This point is briefly mentioned in one of the very first Mesozoic Mondays post on saurischian dinosaurs, but little information on the subject is given. Here, I'm going to give a brief overview of the idea, what it means, and some of the evidence we have.
The similarity between reptile skeletons and birds was noticed as early as the 1800s, with Thomas Huxley (one of the initial proponents of evolutionary theory) pointing out that the early bird Archaeopteryx showed transitional features between the two groups. He compared this fossil to dinosaurs that were known at the time, like Compsognathus, in great detail. However, his ideas were not widely accepted at the time. In the early 1900s, the issue was reviewed again, with Gerhard Heilmann (a Danish scientist) again concluding that theropod dinosaurs showed the most similarity to Archaeopteryx and other birds. However, no clavicles (collar bones) were known from dinosaur fossils, which in his mind meant that they could not be related as birds possess a fused clavicle called the furcula (or wishbone). Although the absence of clavicles does not rule out a relationship between the two (features can be lost and gained throughout evolution), we now know that theropods and possibly all saurischian dinosaurs did indeed possess a clavicle. The debate came around again in the 1960s when famous American palaeontologist John Ostrom named the dromaeosaur Deinonychus, and he noticed the similarities again between it and Archaeopteryx. Ostrom solidified the theory in palaeontology, and brought it to the front as the leading theory on the origin of birds.
|Comparison of the hands and wrists of Deinonychus (left) and Archaeopteryx (right) shows the similarities between these two. Image copyright John Conway|
Although there were major morphological similarities, there was still the major question of feathers. If Archaeopteryx, an early bird, showed fully developed flight feathers, where did they come from? Features do not just appear in animals fully formed: they need to evolve slowly and gradually. Finally, in the 1990's, several amazingly preserved bird fossils from the Early Cretaceous were found in a region of China, and in 1996, the first 'feathered' dinosaur was described. Sinosauropteryx was initially described as a bird (hence the -pteryx portion of the name, which means wing) . Shortly after, however, its similarity to dinosaurs was discovered, and the importance of the fossil fully understood . Although the skeleton itself is not remarkable in terms of dinosaurian anatomy, it is covered in tiny hair-like filaments from the head to to the tail. These filaments are thought to be 'protofeathers', an early evolutionary stage of feathers.

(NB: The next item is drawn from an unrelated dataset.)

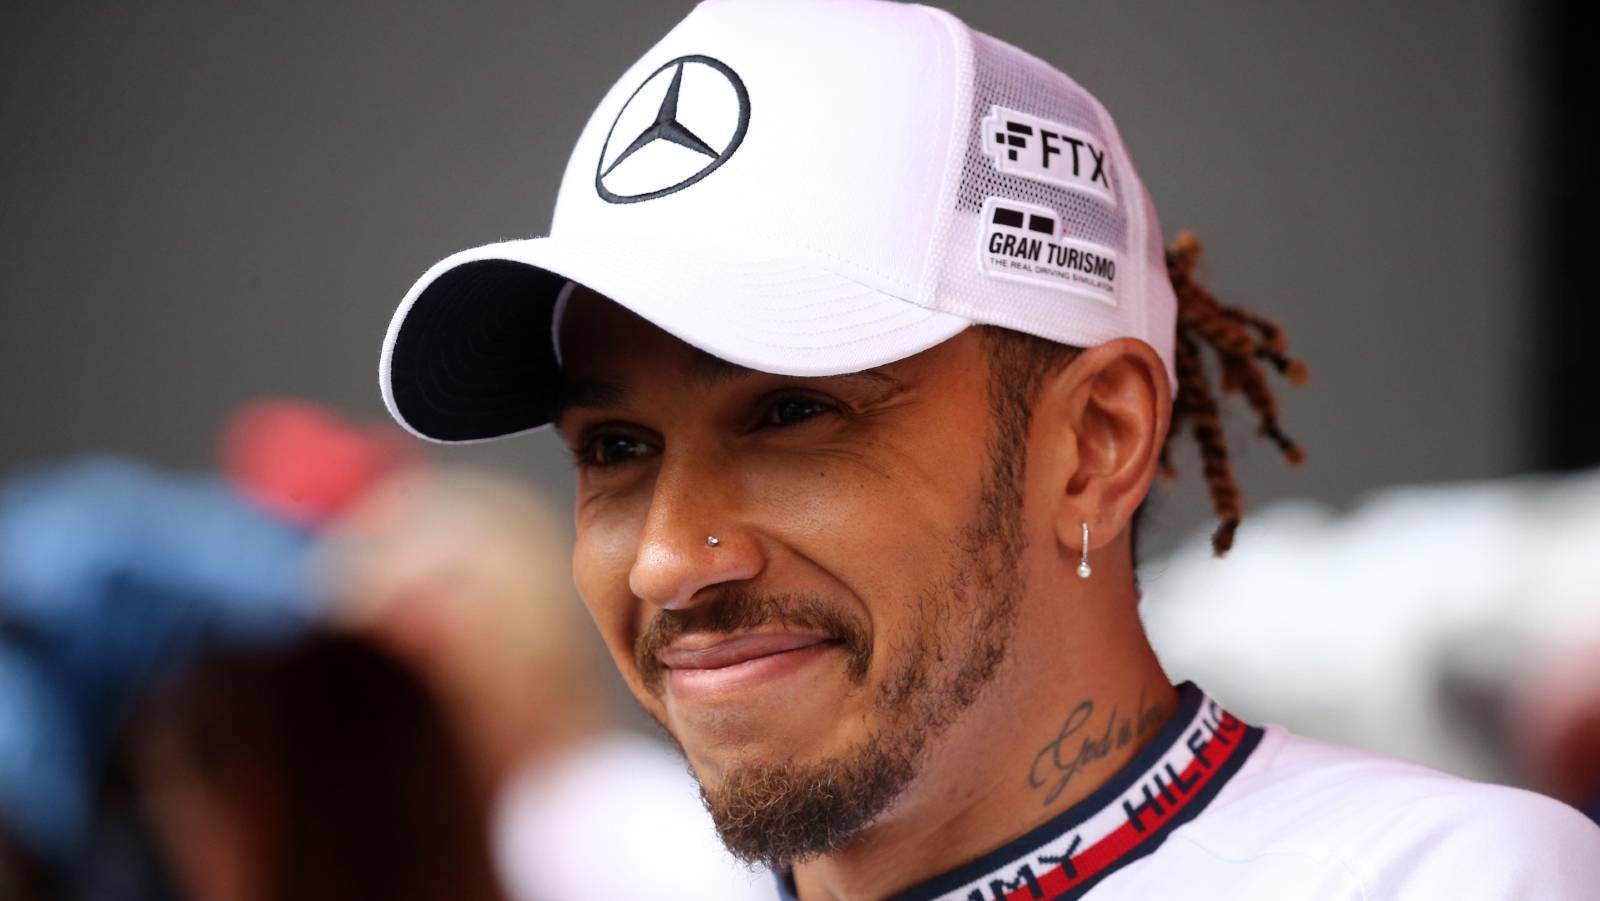 Lewis Hamilton wearing white Mercedes cap. Monaco May 2022.

|Artists impression of Sinosauropteryx by Nobu Tamura. Note the patterned tail|
Since Sinosauropteryx, numerous theropod dinosaur fossils have been found with filamentous feathers, mainly from China. These include Caudipteryx which has a cool tail fan, Velociraptor, Yutyrannus (an early tyrannosaur) and Microraptor, an odd 4-winged creature that may have been capable of flying, although this is debated. This means that more and more dinosaurs likely had some kind of feathers or filamentous covering, rather than the scaly appearance we see in the media. Look out for feathered T. rex in any scientifically accurate dinosaur portrayals! There is even some evidence that Psittacosaurus, an early relative of horned dinosaurs had some quills derived from early feathers, although this is controversial . In addition to clarifying the story of bird evolution, these feathers can be useful in understanding colouration of these animals as well. Small structures called melanosomes, which house the colouration pigment melanin, can be preserved. This is where the striped pattern of the tail of Sinosauropteryx comes from. This will be described in more detail next week.
Although the vast majority of palaeontologists now recognise the dinosaurian origin of birds, like all theories, there are a few holdouts that do not accept it. However, the evidence is overwhelming, and each issue that is brought forth by these people has been countered with fossil or developmental evidence.
So what does this all mean? Birds are dinosaurs! As birds are directly descended from a group of theropod dinosaurs (the deinonychosaurs), they are considered to be dinosaurs in biological terms. Much in the same way that whales are mammals, as they share numerous characters with mammals, and evolved from terrestrial mammals, millions of years ago.
I know this was a bit brief, but bird evolution is a topic we could talk about for hours. If you're interested in more, there are numerous websites that cover this topic in more detail!
1. Ji, Q. and Ji, S. 1996. On the discovery of the earliest bird fossil in China (Sinosauropteryx gen. nov.) and the origin of birds. Chinese Geology 233: 30-33.
2. Chen, P. et al. 1998. An exceptionally well-preserved theropod dinosaur from the Yixian Formation of China. Nature 391: 147-152.
3. Mayr, G. et al. 2002. Britle-like integumentary structures at the tail of the horned dinosaur Psittacosaurus. Naturwissenschaften 89: 361-365.